- **TASK TO COMPLETE**
Find the line containing "139 cm x 60 cm x 37 H cm", then output it and every line after it through the end of the listing below, exactly as written.

==================================================

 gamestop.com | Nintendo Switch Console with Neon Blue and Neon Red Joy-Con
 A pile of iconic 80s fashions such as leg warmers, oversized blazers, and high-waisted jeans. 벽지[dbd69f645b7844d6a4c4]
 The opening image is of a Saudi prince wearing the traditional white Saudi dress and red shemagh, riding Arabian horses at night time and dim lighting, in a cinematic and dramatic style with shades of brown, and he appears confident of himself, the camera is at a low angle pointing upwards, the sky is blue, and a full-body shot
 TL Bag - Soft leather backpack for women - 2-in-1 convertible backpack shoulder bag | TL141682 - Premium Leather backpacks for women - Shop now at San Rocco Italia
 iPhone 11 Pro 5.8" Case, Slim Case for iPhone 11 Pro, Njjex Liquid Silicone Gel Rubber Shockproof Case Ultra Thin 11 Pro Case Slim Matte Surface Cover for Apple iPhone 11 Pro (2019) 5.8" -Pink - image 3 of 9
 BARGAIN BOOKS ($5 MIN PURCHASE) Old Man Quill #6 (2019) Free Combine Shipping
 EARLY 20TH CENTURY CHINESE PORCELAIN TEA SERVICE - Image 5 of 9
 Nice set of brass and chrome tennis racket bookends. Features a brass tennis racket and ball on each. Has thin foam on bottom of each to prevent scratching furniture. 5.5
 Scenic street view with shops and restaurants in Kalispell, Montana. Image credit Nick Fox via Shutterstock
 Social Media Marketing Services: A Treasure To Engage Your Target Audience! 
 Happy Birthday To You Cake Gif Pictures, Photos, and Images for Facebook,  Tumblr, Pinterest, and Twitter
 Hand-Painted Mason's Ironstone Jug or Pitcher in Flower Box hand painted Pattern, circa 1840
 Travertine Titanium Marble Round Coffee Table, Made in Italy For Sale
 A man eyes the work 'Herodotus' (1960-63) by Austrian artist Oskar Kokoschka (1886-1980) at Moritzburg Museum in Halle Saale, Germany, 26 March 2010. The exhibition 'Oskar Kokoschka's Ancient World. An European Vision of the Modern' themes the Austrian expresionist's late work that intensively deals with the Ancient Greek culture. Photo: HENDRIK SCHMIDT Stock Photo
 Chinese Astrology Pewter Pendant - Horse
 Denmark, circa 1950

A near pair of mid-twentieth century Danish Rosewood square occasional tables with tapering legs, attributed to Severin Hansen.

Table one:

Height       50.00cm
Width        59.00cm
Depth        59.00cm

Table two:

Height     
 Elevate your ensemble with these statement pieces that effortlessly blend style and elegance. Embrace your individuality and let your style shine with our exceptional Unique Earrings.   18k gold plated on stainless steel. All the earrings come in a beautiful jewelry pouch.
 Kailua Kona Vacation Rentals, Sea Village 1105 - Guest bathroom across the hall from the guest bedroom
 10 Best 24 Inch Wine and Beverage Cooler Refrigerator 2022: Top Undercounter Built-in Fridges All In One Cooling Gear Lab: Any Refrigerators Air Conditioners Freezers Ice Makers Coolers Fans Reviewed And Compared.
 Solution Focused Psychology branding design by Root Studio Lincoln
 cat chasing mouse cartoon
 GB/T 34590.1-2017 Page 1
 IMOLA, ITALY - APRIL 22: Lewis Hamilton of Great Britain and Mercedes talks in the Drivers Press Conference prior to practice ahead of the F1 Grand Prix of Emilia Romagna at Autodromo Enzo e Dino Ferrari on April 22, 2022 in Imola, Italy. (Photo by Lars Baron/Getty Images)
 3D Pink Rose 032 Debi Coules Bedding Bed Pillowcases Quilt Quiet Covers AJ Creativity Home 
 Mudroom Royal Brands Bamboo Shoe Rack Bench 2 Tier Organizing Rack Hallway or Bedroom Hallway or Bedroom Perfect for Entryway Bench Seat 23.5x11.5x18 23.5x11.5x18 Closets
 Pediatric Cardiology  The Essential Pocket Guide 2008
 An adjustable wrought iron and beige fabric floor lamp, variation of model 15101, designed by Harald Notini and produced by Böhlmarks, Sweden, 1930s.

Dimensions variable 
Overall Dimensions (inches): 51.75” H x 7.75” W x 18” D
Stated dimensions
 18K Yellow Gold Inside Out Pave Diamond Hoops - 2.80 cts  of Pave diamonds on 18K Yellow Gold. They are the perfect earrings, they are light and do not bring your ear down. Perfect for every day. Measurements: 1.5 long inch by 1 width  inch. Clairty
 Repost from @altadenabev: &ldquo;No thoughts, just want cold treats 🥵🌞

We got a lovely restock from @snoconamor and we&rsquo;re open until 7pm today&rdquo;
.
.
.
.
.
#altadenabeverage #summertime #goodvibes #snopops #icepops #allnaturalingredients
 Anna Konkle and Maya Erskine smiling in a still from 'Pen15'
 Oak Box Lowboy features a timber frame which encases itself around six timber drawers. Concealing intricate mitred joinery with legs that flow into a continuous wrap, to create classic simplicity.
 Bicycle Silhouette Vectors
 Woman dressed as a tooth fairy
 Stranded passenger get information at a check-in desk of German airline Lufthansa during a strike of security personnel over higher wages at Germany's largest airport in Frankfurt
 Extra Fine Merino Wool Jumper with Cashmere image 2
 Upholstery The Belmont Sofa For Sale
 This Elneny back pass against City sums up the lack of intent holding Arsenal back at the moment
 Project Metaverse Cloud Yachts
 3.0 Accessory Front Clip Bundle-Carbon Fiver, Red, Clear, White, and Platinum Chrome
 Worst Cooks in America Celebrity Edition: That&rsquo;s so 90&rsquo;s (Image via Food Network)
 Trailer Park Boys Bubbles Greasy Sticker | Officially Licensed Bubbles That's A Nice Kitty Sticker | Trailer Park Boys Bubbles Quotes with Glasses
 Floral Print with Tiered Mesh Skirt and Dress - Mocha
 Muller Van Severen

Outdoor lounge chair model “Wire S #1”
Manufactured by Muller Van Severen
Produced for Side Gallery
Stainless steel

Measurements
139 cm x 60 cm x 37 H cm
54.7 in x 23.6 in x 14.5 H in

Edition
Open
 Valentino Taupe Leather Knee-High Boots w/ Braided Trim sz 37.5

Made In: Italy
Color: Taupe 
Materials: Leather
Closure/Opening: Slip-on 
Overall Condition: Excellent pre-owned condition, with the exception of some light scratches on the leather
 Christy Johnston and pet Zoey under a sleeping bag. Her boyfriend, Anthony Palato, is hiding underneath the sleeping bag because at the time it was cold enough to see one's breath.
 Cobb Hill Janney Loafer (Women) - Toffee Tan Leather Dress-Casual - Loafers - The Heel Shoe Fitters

==================================================

- **RESPONSE AREA**
139 cm x 60 cm x 37 H cm
54.7 in x 23.6 in x 14.5 H in

Edition
Open
 Valentino Taupe Leather Knee-High Boots w/ Braided Trim sz 37.5

Made In: Italy
Color: Taupe 
Materials: Leather
Closure/Opening: Slip-on 
Overall Condition: Excellent pre-owned condition, with the exception of some light scratches on the leather
 Christy Johnston and pet Zoey under a sleeping bag. Her boyfriend, Anthony Palato, is hiding underneath the sleeping bag because at the time it was cold enough to see one's breath.
 Cobb Hill Janney Loafer (Women) - Toffee Tan Leather Dress-Casual - Loafers - The Heel Shoe Fitters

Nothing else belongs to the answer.